On August 29, 2013, New Jersey Governor Chris Christie signed into law Assembly bill no. 2878 (fourth reprint), which prohibits employers from asking or insisting that their employees provide access to their personal social networking accounts. New Jersey is the thirteenth state to enact some form of employee social media networking legislation.
Once the law goes into effect, New Jersey employers will no longer be able, subject to exceptions described below, to ‘request or require’ employees or job applicants to turn over their account logins, disclose account content, or sign a waiver of any rights under the statute. (Section 7 of the statute says its effective date is the ‘first day of the fourth month following enactment.’ Because the bill was signed on 8/29/13, December 1, 2013 is probably that day (December 29th will be the ‘fourth month’ after passage). At the latest, the law will take effect on January 1, 2014). Any such waiver will be void. Nor may employers discipline employees or refuse to hire applicants based on their refusal to provide account access or content, or for reporting violations. Employers found in violation of the law are subject to civil penalties of up to $1,000 for the first violation, and up to $2,500 for each subsequent violation.
The law has plenty of concessions for employers, though. Only employees’ and applicants’ “personal” accounts are off limits. The law defines such accounts as those used “exclusively for personal communications unrelated to any business purposes of the employer,” and excludes accounts that are “created, maintained, used or accessed” by employees or applicants “for business purposes of the employer or to engage in business related communications.” Thus, accounts are fair game when employers require that employees open and use them for company business, and even arguably when an employee or applicant posts anything employer-related on his/her otherwise “personal” account.
Further, the law will not prohibit employers from complying with state or federal law, including the rules of self-regulatory organizations (i.e. NASD and FINRA). Employers may also regulate work-device and work-account usage, and may also require personal account access when the employer receives information that employees have used such accounts for work-related misconduct or to store employer proprietary assets or financial data without authorization. And employers will be free to find and use any information about employees and applicants in the public domain.

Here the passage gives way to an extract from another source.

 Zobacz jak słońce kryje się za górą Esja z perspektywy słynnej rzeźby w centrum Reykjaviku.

Perhaps most importantly for employers, the law only allows employees to report violations to the state Department of Labor and Workforce Development, which may then file a ‘summary proceeding.’ The fines mentioned above, if levied, go to the state, not to the complaining employees or applicants. Governor Christie conditionally vetoed the original version of the law, which allowed employees and applicants to file lawsuits for their own damages, back pay, benefits, injunctions, attorneys’ fees, and costs. The governor struck that provision without specific comment (he only commented on the exceptions for required access), and the Assembly and Senate both unanimously passed the version without the lawsuit provisions.

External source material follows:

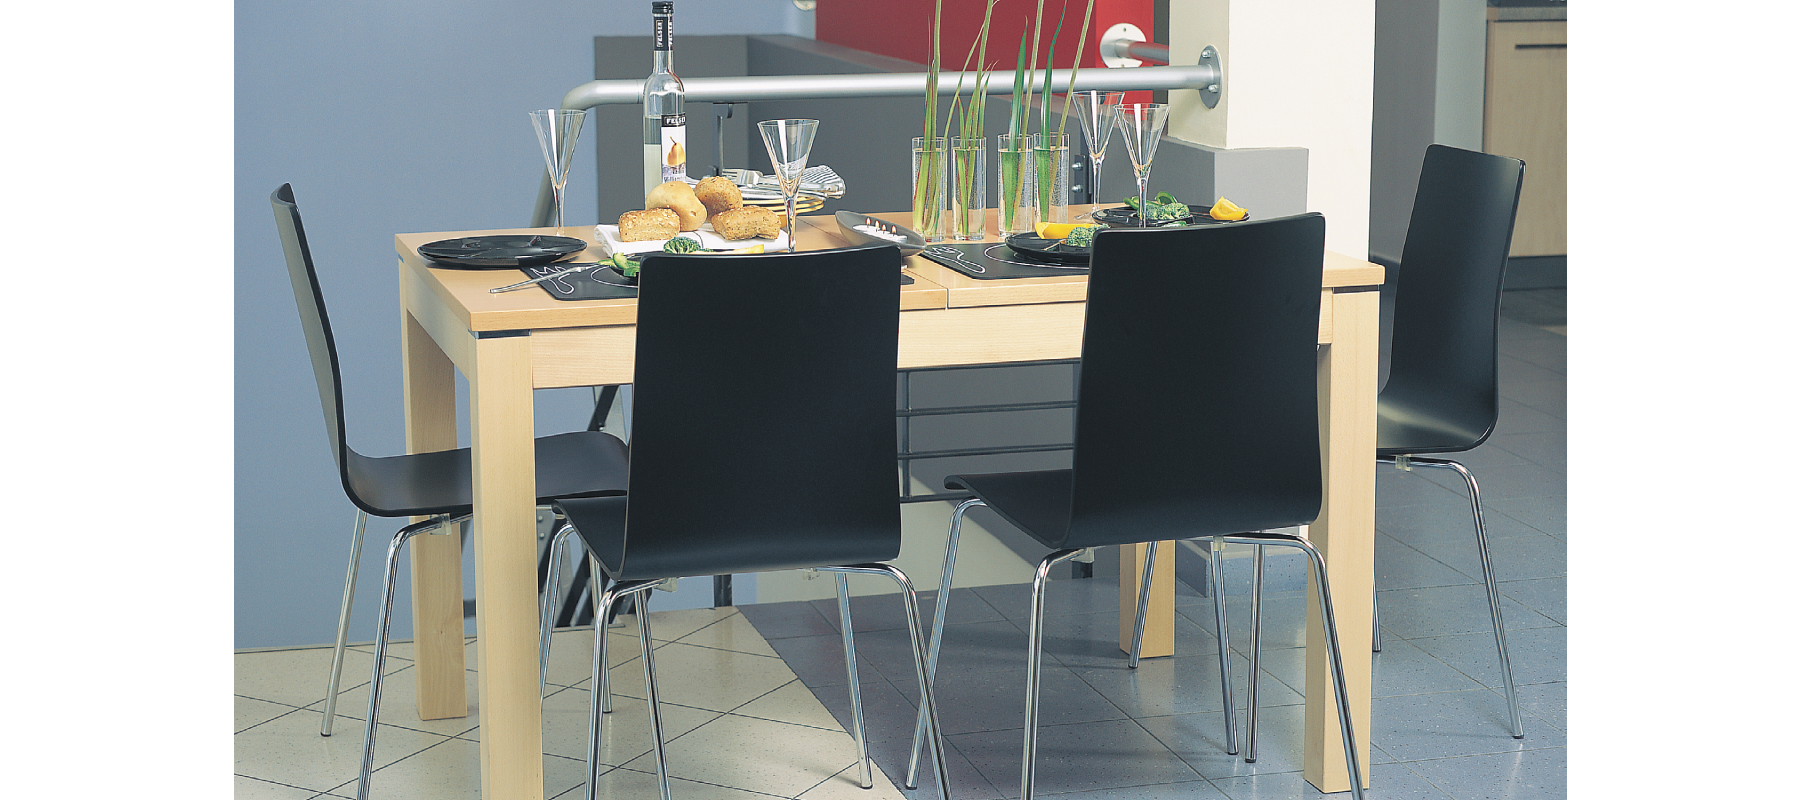 krzesła stacjonarne cafe aranżacje - 13

New Jersey’s limited remedies provisions are not uncommon. Of the thirteen states with social networking privacy laws, only Oregon’s and Washington’s statutes authorize civil lawsuits without capping damages. Other states either cap lawsuit damages at no more than $1,000, or do not authorize lawsuits, instead limiting remedies to complaints with state agencies and fairly nominal penalties. And New Jersey’s narrow definition of “personal” accounts is also consistent with most other states’ laws, which limit their reach to personal accounts either expressly or by implication.